Now the Turkish branch of PEN is also under attack. When the pianist and composer Fazıl Say was called to court in Turkey in June for insulting “religious values” on social media, PEN Turkey condemned the move in a statement on its website. “The international community has been put on alert in the face of fascist developments in Turkey,” it wrote at the time. A complaint believed to have been made by a private individual, under the controversial Article 301 of the Turkish penal code which is intended to prevent “public denigration” of Turkey, has now been lodged against PEN Turkey, and yesterday six members of the free speech organisation’s board were called in for questioning by Istanbul’s public prosecutor’s office.

The PEN members include president Tarık Günersel and the poet and critic Nihat Ate, and if the investigation goes forward, they could face a prison sentence of six months to two years under Article 301.

PEN Turkey said in a statement submitted to the court that its words in June were “an expression of thought and a criticism, that they were not intended as being aimed as an insult. We emphasised that the right to criticise, a constitutional and legal right, was being exercised. As a result, it was requested that a decision not to prosecute would be given.”

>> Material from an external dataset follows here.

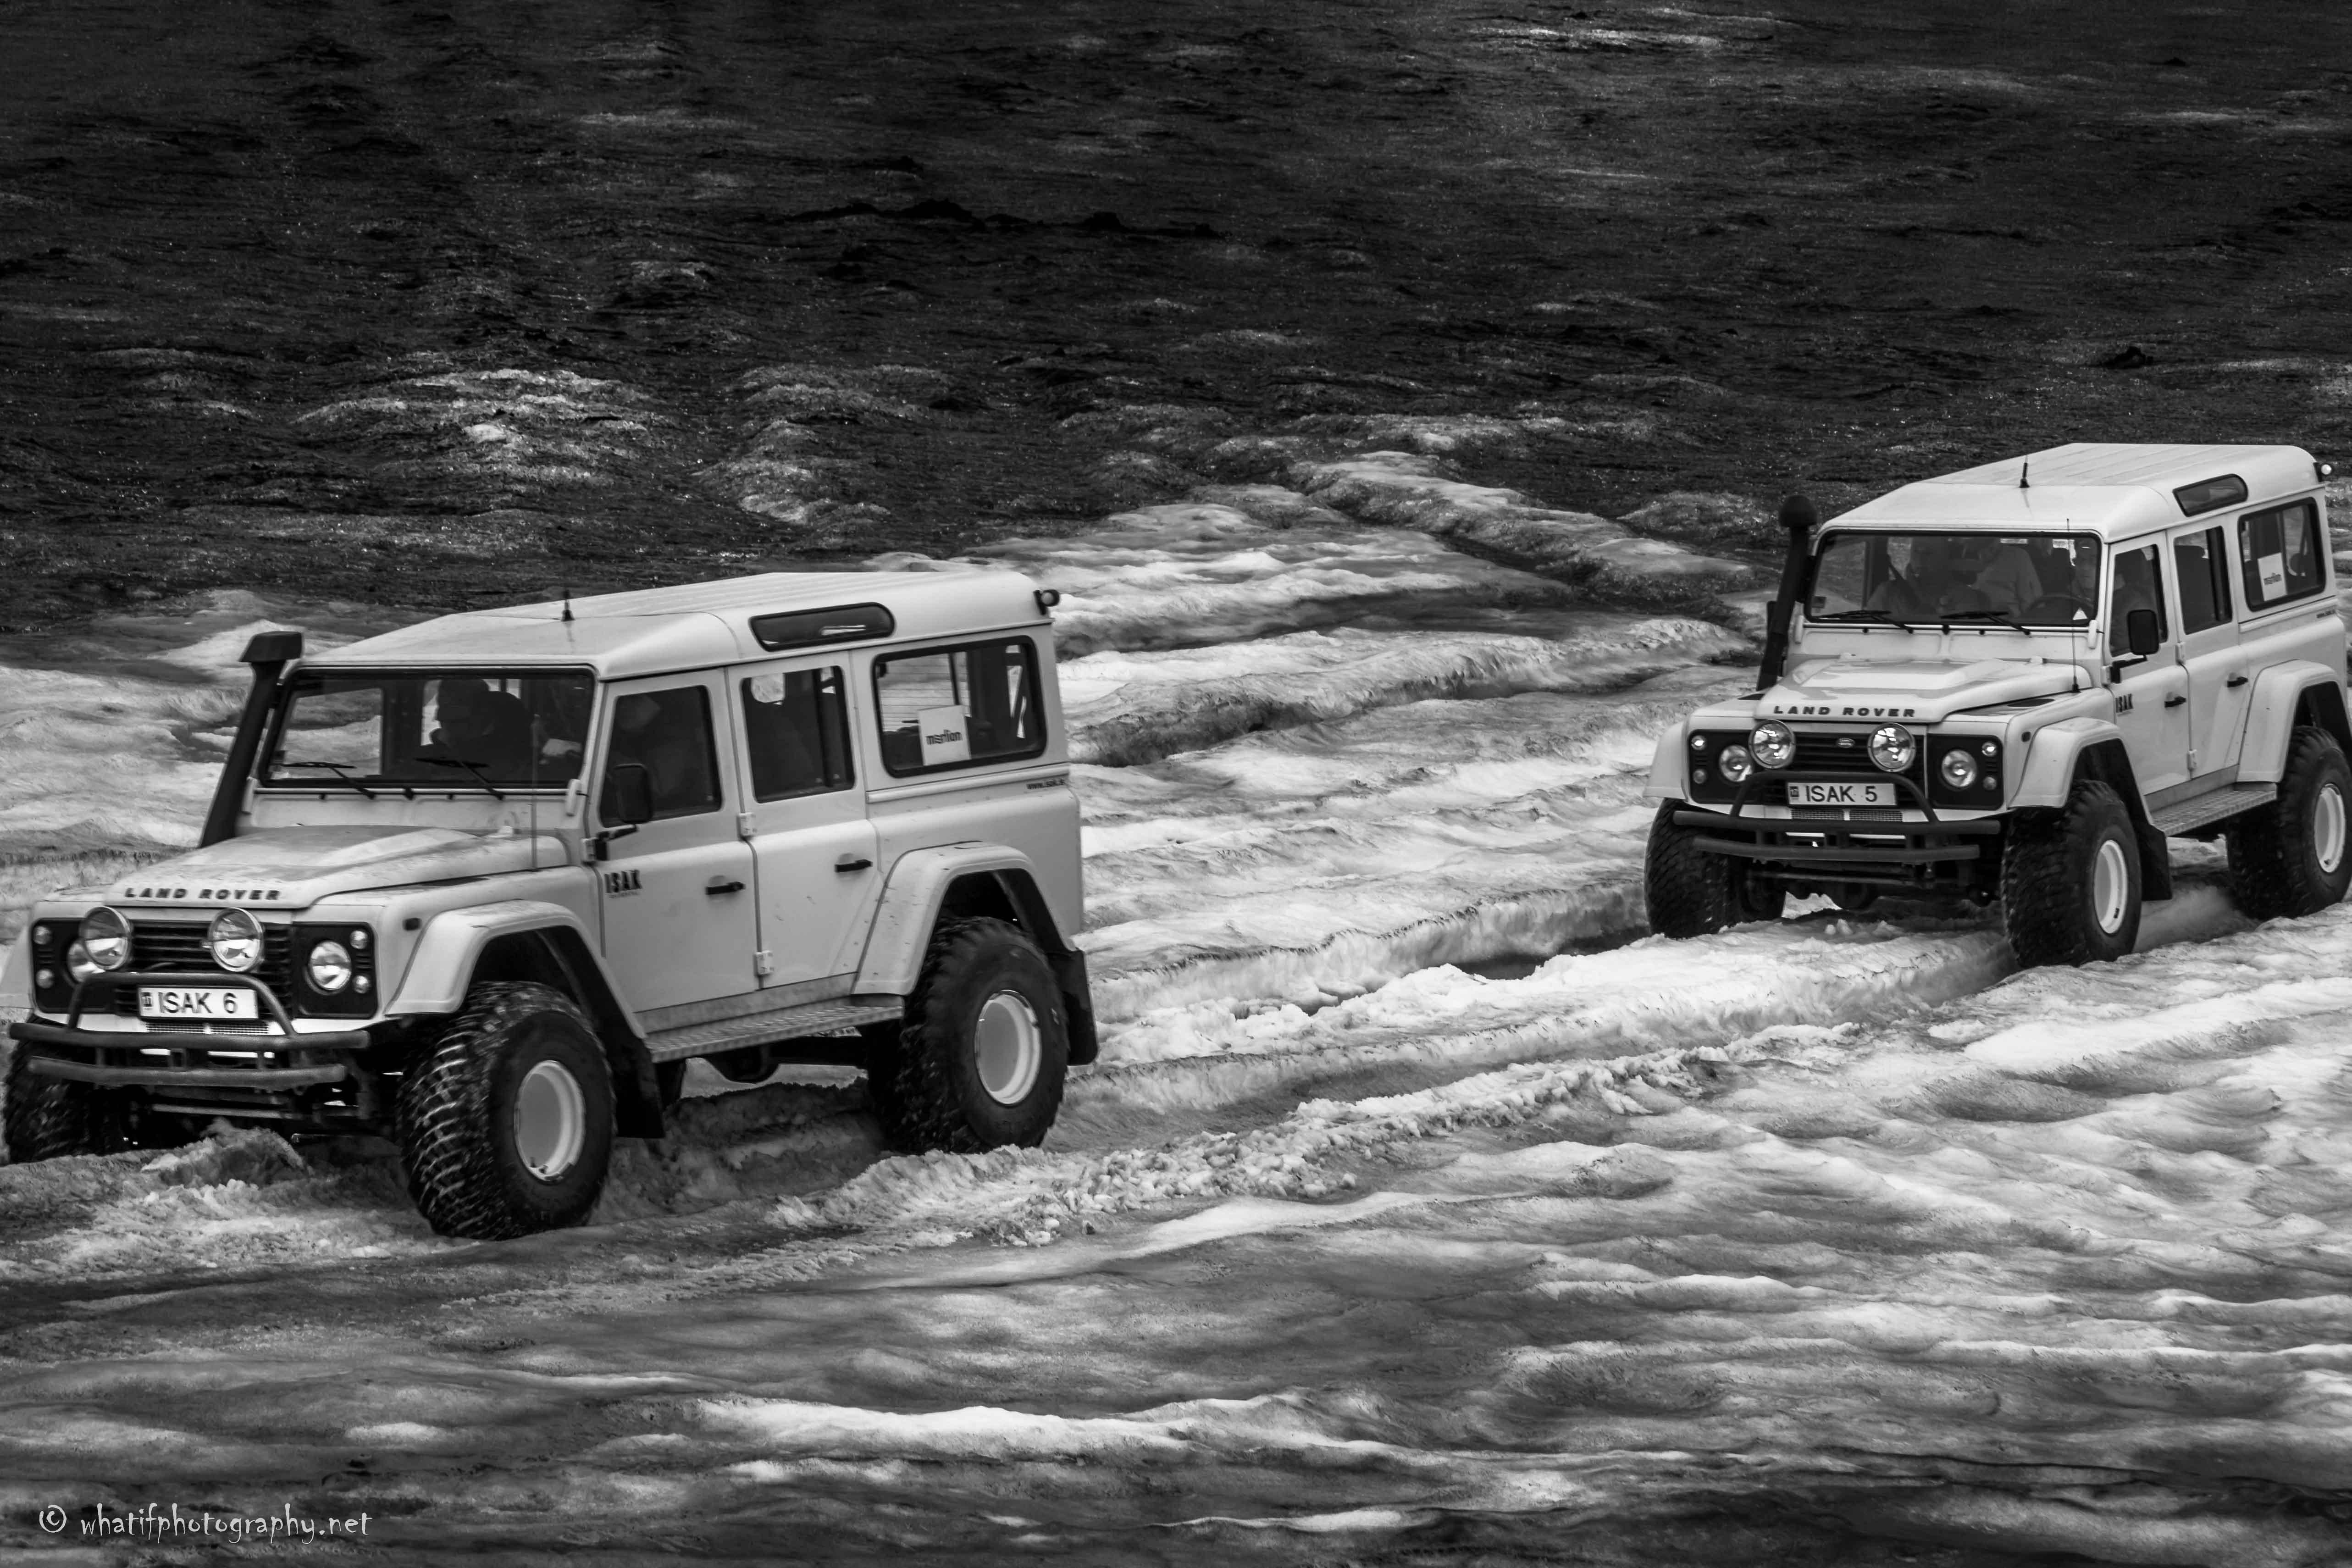 Langjökull_glacier_jeep_expedition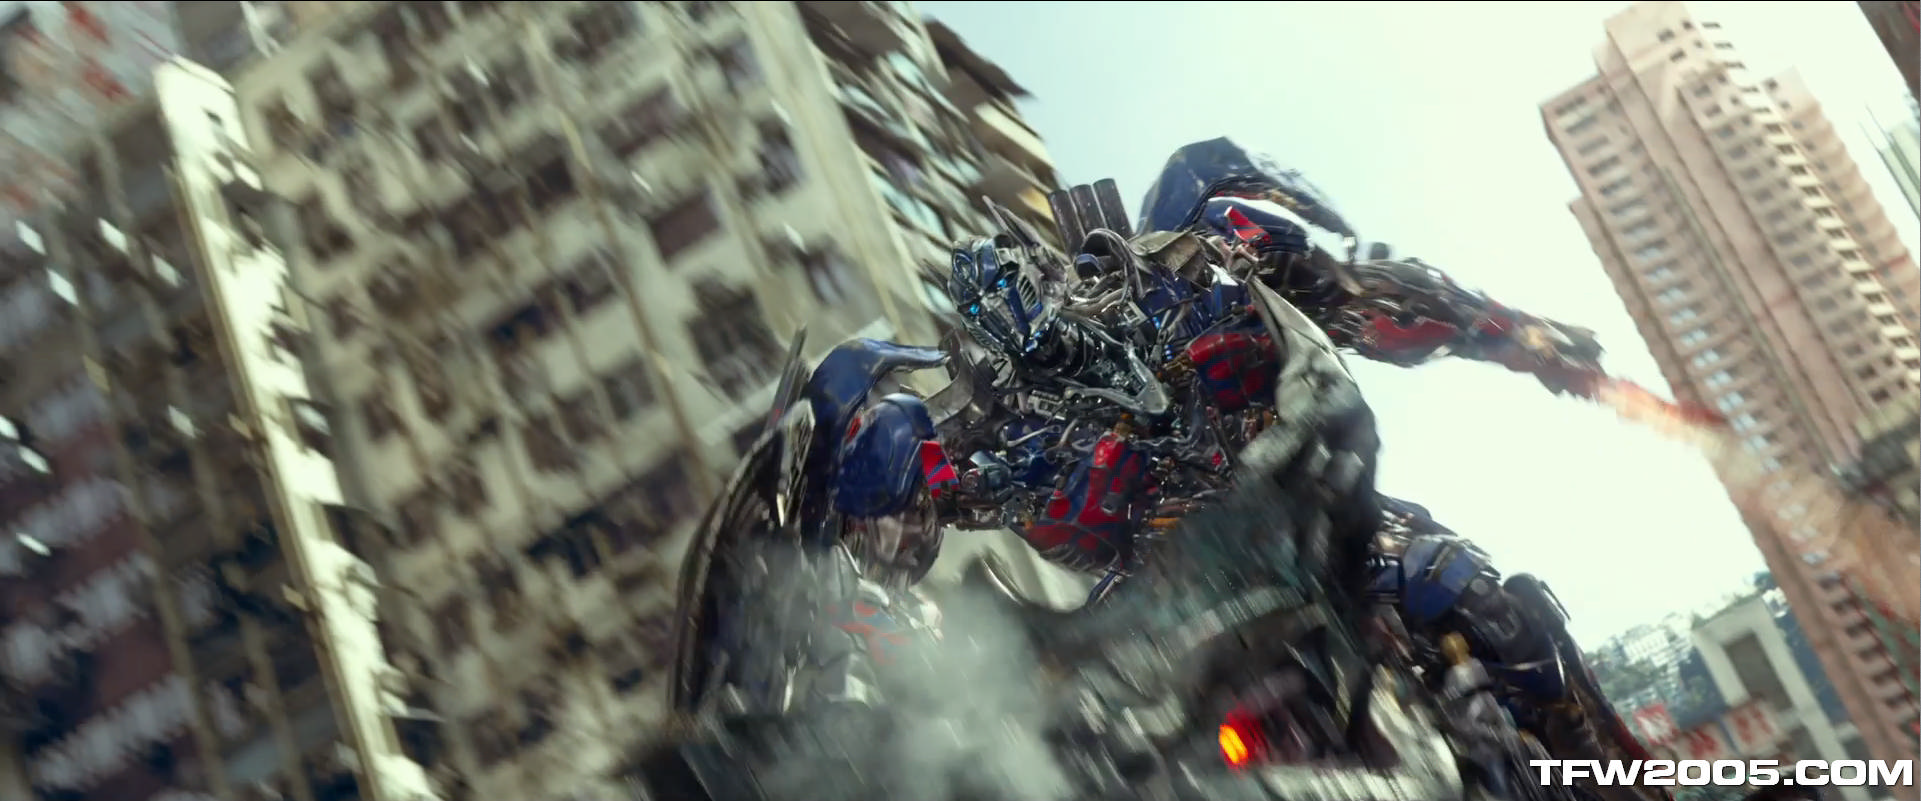 http://www.tfw2005.com/transformers-news/attach/1/AoE-Trailer-3-Screen-Caps-085_1400142741.jpg

The investigation has been widely condemned by PEN Turkey’s sister organisations around the world. PEN International president and author John Ralston Saul described it as an “extraordinary attack”, and “a misuse of a law which, in the context of international freedom of expression standards, itself should not exist”. Jo Glanville, director of English PEN, urged justice minister Sadullah Ergin “to repeal Article 301 and to drop the investigation against PEN Turkey at the earliest opportunity”.

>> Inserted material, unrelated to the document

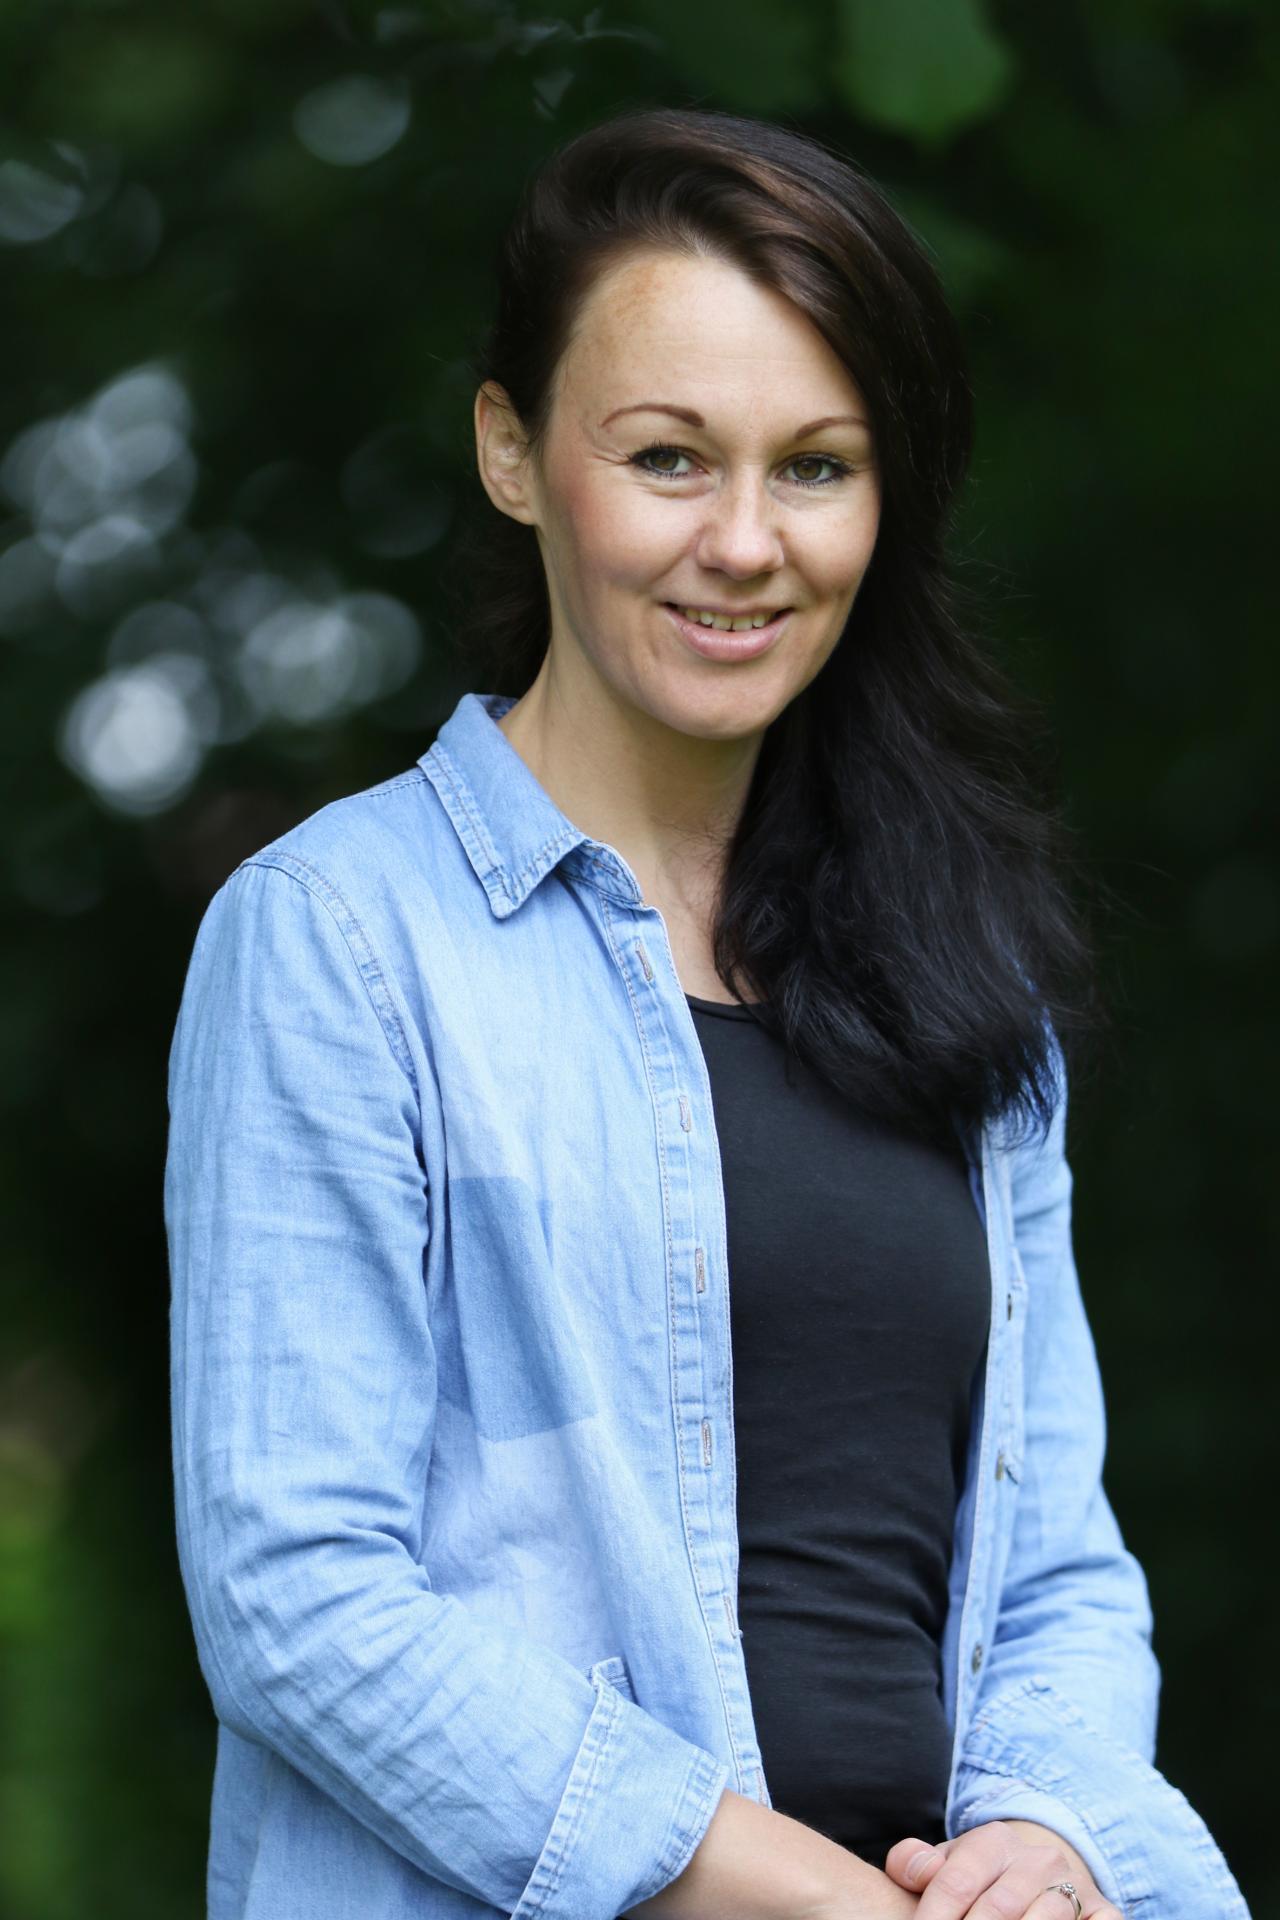 Veronika Gerdes

“This and other cases highlight the fact that Turkey has a free expression problem,” said English PEN spokesperson Robert Sharp. “When ill-advised laws are put in place, then those with an ideological agenda will seek to use them to censor words or writing they do not like. This is why we campaign against ‘insult laws’ all over the world – including the UK. Censorship does not begin with the state instantly imprisoning authors and burning books. It begins with individuals using bad laws as weapons against each other.”

The PEN Turkey board members, if prosecuted, would join a large number of writers and journalists in prison and on trial in Turkey. In December, PEN International put the number at 30 writers in prison and 70 more on trial, including publisher and free speech activist Ragip Zarakolu, and Sel Publishing House, on trial for releasing a translation of William Burroughs’ The Soft Machine, and accused of furthering “attitudes that were permissive to crime by concentrating on the banal, vulgar and weak attributes of humanity”.